■ What you need to do ■
In the data below, find the line with "toronto-wedding-photographer-richelle-hunter-lauren-seb-16.jpg" and the line with "Дизайн интерьера трехкомнатной", then restate both and every line between them exactly, minus the pictures.

■ Given data ■

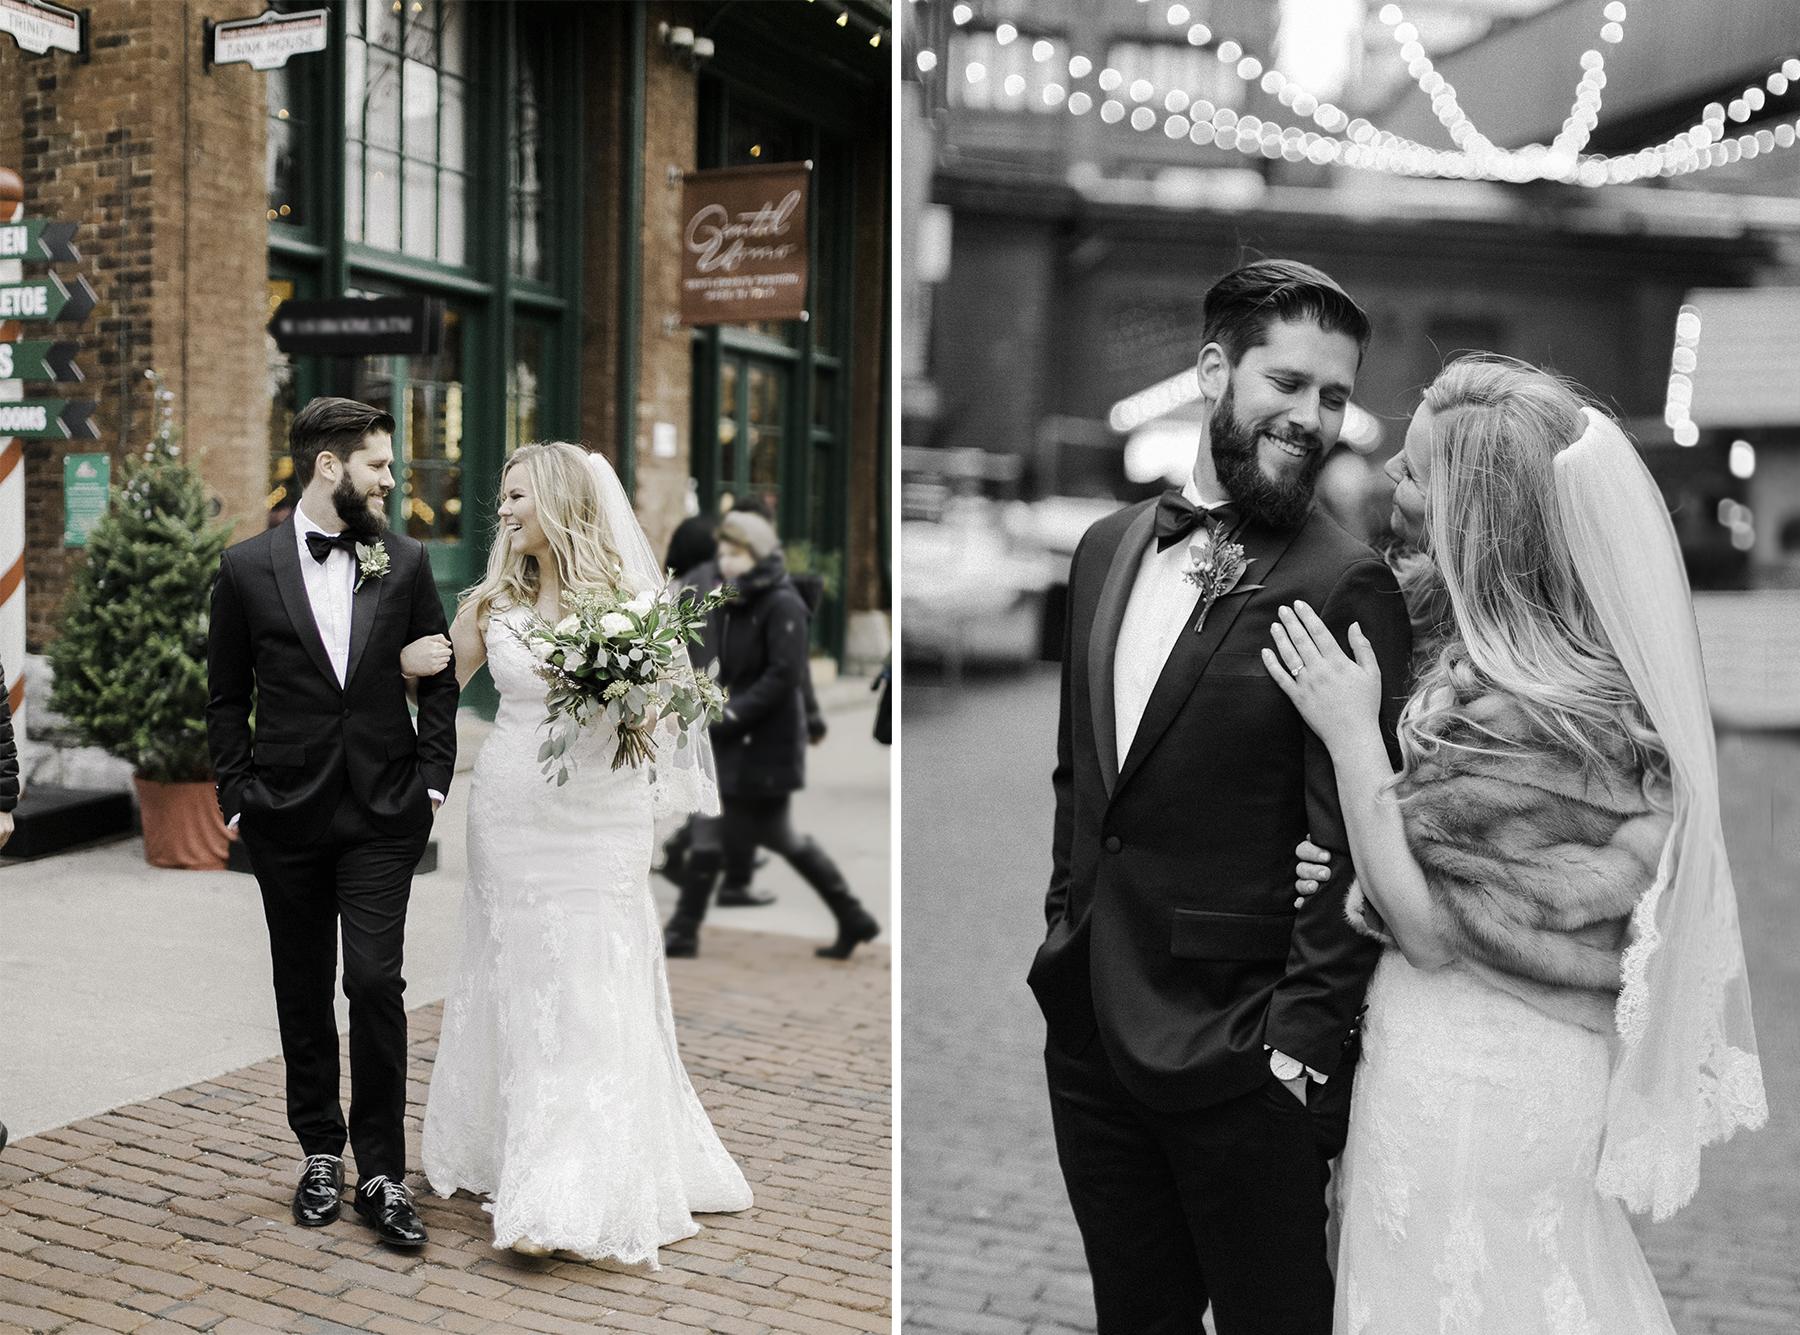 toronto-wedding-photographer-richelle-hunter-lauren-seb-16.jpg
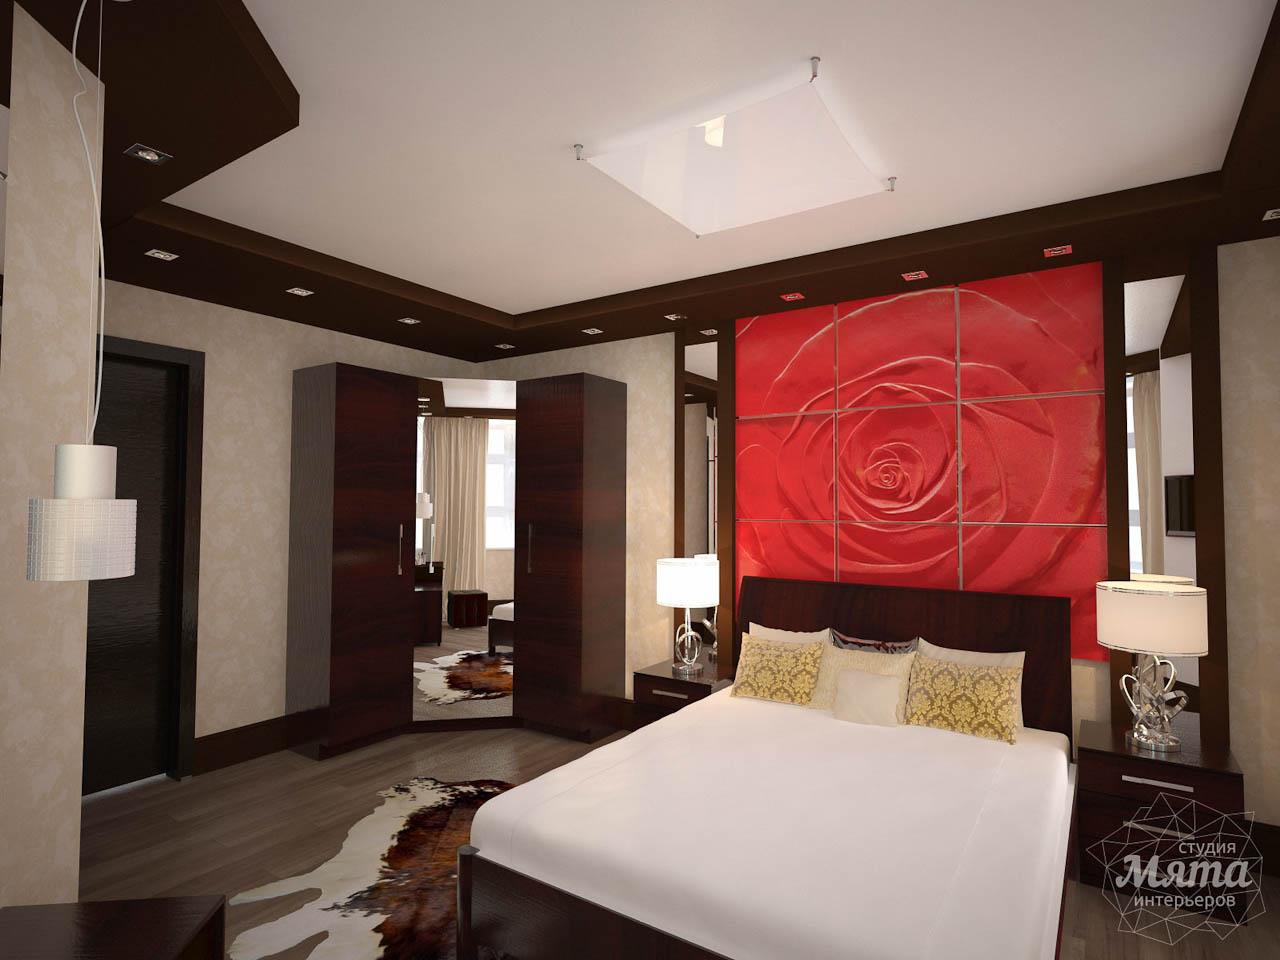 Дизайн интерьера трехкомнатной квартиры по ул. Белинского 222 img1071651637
* * *
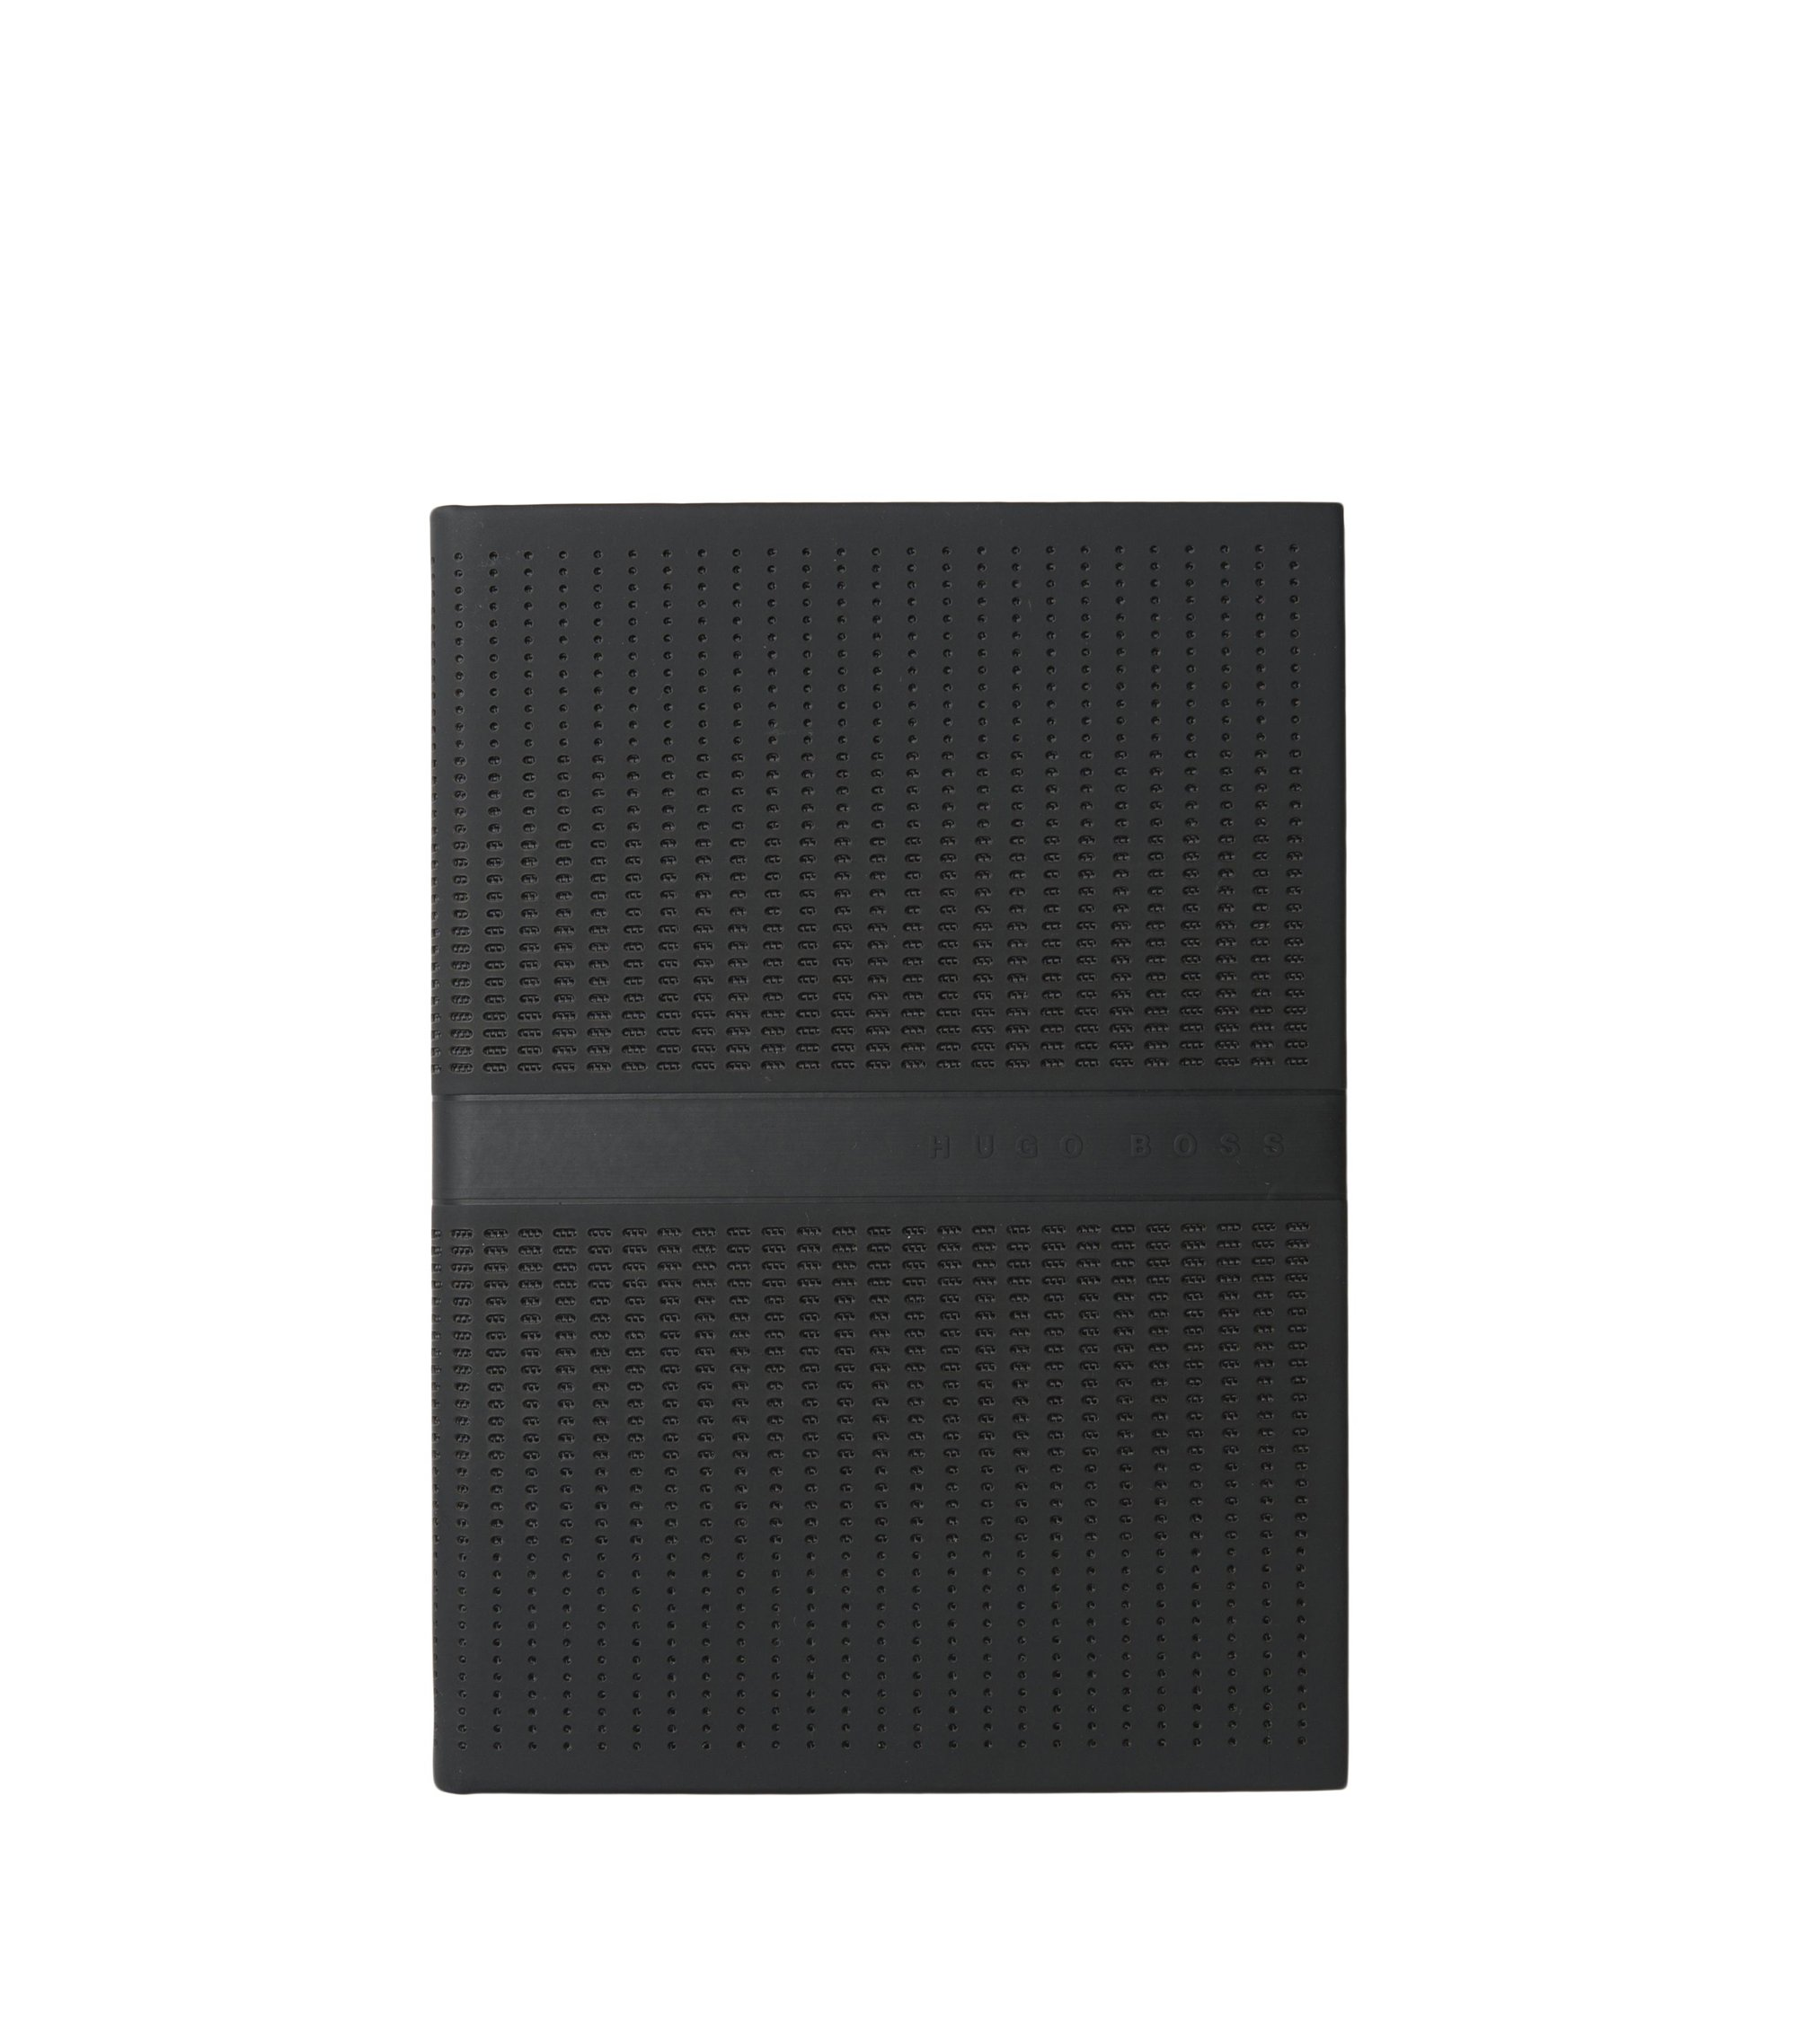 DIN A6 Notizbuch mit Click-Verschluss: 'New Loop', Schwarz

■ Expected answer ■
 toronto-wedding-photographer-richelle-hunter-lauren-seb-16.jpg
 Дизайн интерьера трехкомнатной квартиры по ул. Белинского 222 img1071651637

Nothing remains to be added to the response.